We have two ways to use synchronization:
To make a method synchronized, just add the synchronized keyword to its declaration:
public class SynchronizedDemo { private int i = 0; public synchronized void add() { i++; } public synchronized void del() { i--; } public synchronized int getValue() { return i; } }
As the above code shows, there are three synchronized methods:
Each method will only be called on the same object at the same time Once, for example, when a thread calls add(), other threads will be blocked until the first thread finishes processing the add() method.
public void del(int value){ synchronized(this){ this.i -= value; } }
In the above code, synchronized is added before a {} code, which represents a synchronized code block.
The above are two ways to use the synchronized keyword. Let’s briefly introduce the concepts related to synchronization.
Synchronization is a process that controls multiple threads' access to any shared resource to avoid inconsistent results. The main purpose of using synchronization is to avoid inconsistent behavior of threads and prevent thread interference.
You can use the synchronized keyword in java to achieve synchronization effects. synchronized can only be applied to methods and blocks, not variables and classes.
First let’s look at a piece of code:
public class SynchronizedDemo { int i; public void increment() { i++; } public static void main(String[] args) { SynchronizedDemo synchronizedDemo = new SynchronizedDemo(); synchronizedDemo.increment(); System.out.println("计算值为:" + synchronizedDemo.i); } }
The calculated value will be increased by 1 whenever the increment() method is called:
Call 2 times will add 2, 3 times will add 3, 4 times will add 4:
public class SynchronizedDemo { int i; public void increment() { i++; } public static void main(String[] args) { SynchronizedDemo synchronizedDemo = new SynchronizedDemo(); synchronizedDemo.increment(); synchronizedDemo.increment(); synchronizedDemo.increment(); synchronizedDemo.increment(); System.out.println("计算值为:" + synchronizedDemo.i); } }
Now let’s expand the above example and create a thread Call the increment() method 10 times:
public class SynchronizedDemo { int i; public void increment() { i++; } public static void main(String[] args) { SynchronizedDemo synchronizedDemo = new SynchronizedDemo(); Thread thread = new Thread(() -> { for (int i = 1; i <= 10; i++) { synchronizedDemo.increment(); } }); thread.start(); try { thread.join(); } catch (InterruptedException e) { e.printStackTrace(); } System.out.println("计算值为:" + synchronizedDemo.i); } }
The calculated result at this time is as we expected, the result is 10.
This is a single thread Everything is so beautiful, but is it really the case? What would it look like if it were a multi-threaded environment?
Let’s demonstrate the multi-threading situation!
public class SynchronizedDemo { int i; public void increment() { i++; } public static void main(String[] args) { SynchronizedDemo synchronizedDemo = new SynchronizedDemo(); Thread thread1 = new Thread(() -> { for (int i = 1; i <= 1000; i++) { synchronizedDemo.increment(); } }); Thread thread2 = new Thread(() -> { for (int i = 1; i <= 1000; i++) { synchronizedDemo.increment(); } }); thread1.start(); thread2.start(); try { thread1.join(); thread2.join(); } catch (InterruptedException e) { e.printStackTrace(); } System.out.println("计算值为:" + synchronizedDemo.i); } }
As shown in the above code, we created two threads thread1 and thread2, and each thread called increment() 1000 times. In theory, the final printed value should be 2000, because thread1 calls increment () After 1000 times, the value will become 1000. After thread2 calls increment() 1000 times, the value will become 2000.

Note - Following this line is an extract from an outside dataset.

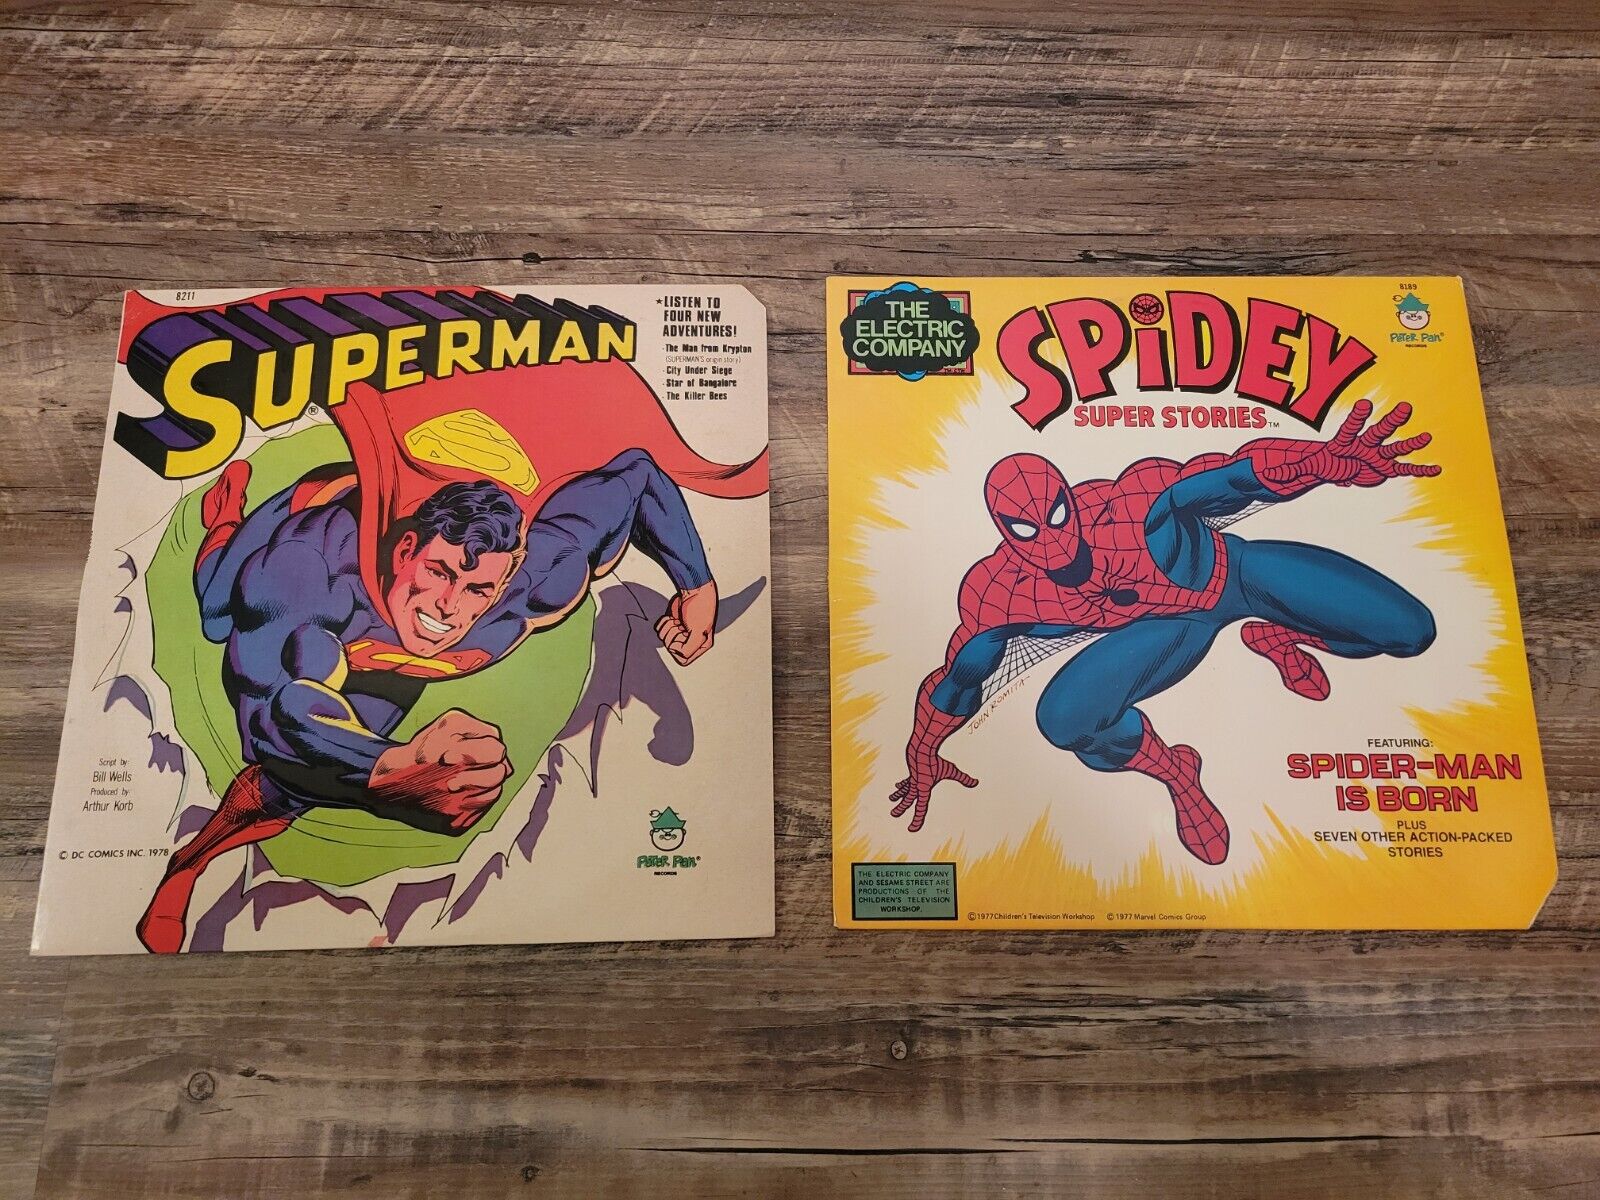  Peter Pan Records Records Bundle, Spiderman Super Stories / Superman Vinyl LP

Let’s execute it and see the result:
The result is different from what we thought. It is less than 2000. Let’s execute it again:
The result is still less than 2000.
Why is this? ?
Because multi-threading supports parallel processing, it is always possible for two threads to get the value of the counter at the same time, and therefore both get the same counter value, so in this case, instead of incrementing the counter value twice , only increased once.
So, how to avoid this situation?
Use synchronized keyword to solve this problem.
We only need to add synchronized to the increment() method:
public class SynchronizedDemo { int i; public synchronized void increment() { i++; } public static void main(String[] args) { SynchronizedDemo synchronizedDemo = new SynchronizedDemo(); Thread thread1 = new Thread(() -> { for (int i = 1; i <= 1000; i++) { synchronizedDemo.increment(); } }); Thread thread2 = new Thread(() -> { for (int i = 1; i <= 1000; i++) { synchronizedDemo.increment(); } }); thread1.start(); thread2.start(); try { thread1.join(); thread2.join(); } catch (InterruptedException e) { e.printStackTrace(); } System.out.println("计算值为:" + synchronizedDemo.i); } }
Let’s execute it again at this time:
As you can see, the value is 2000.
We increase the number of calculations to 10,000 times:
public class SynchronizedDemo { int i; public synchronized void increment() { i++; } public static void main(String[] args) { SynchronizedDemo synchronizedDemo = new SynchronizedDemo(); Thread thread1 = new Thread(() -> { for (int i = 1; i <= 10000; i++) { synchronizedDemo.increment(); } }); Thread thread2 = new Thread(() -> { for (int i = 1; i <= 10000; i++) { synchronizedDemo.increment(); } }); thread1.start(); thread2.start(); try { thread1.join(); thread2.join(); } catch (InterruptedException e) { e.printStackTrace(); } System.out.println("计算值为:" + synchronizedDemo.i); } }
The execution result is:
Okay It can be seen that a little synchronized solves this problem so easily.
The principle behind this is that when thread 1 executes the increment() method, because it is synchronized, this method will be automatically locked. At this time, only thread 1 has this lock, and other threads can only wait until thread 1 Release this lock so that thread 2 can participate in the call.
Similarly, when thread 2 calls increment(), thread 2 gets the lock, and thread 1 waits until thread 2 releases the lock. That's it, until the calculation is completed. During this process, there will be no A calculation error has occurred.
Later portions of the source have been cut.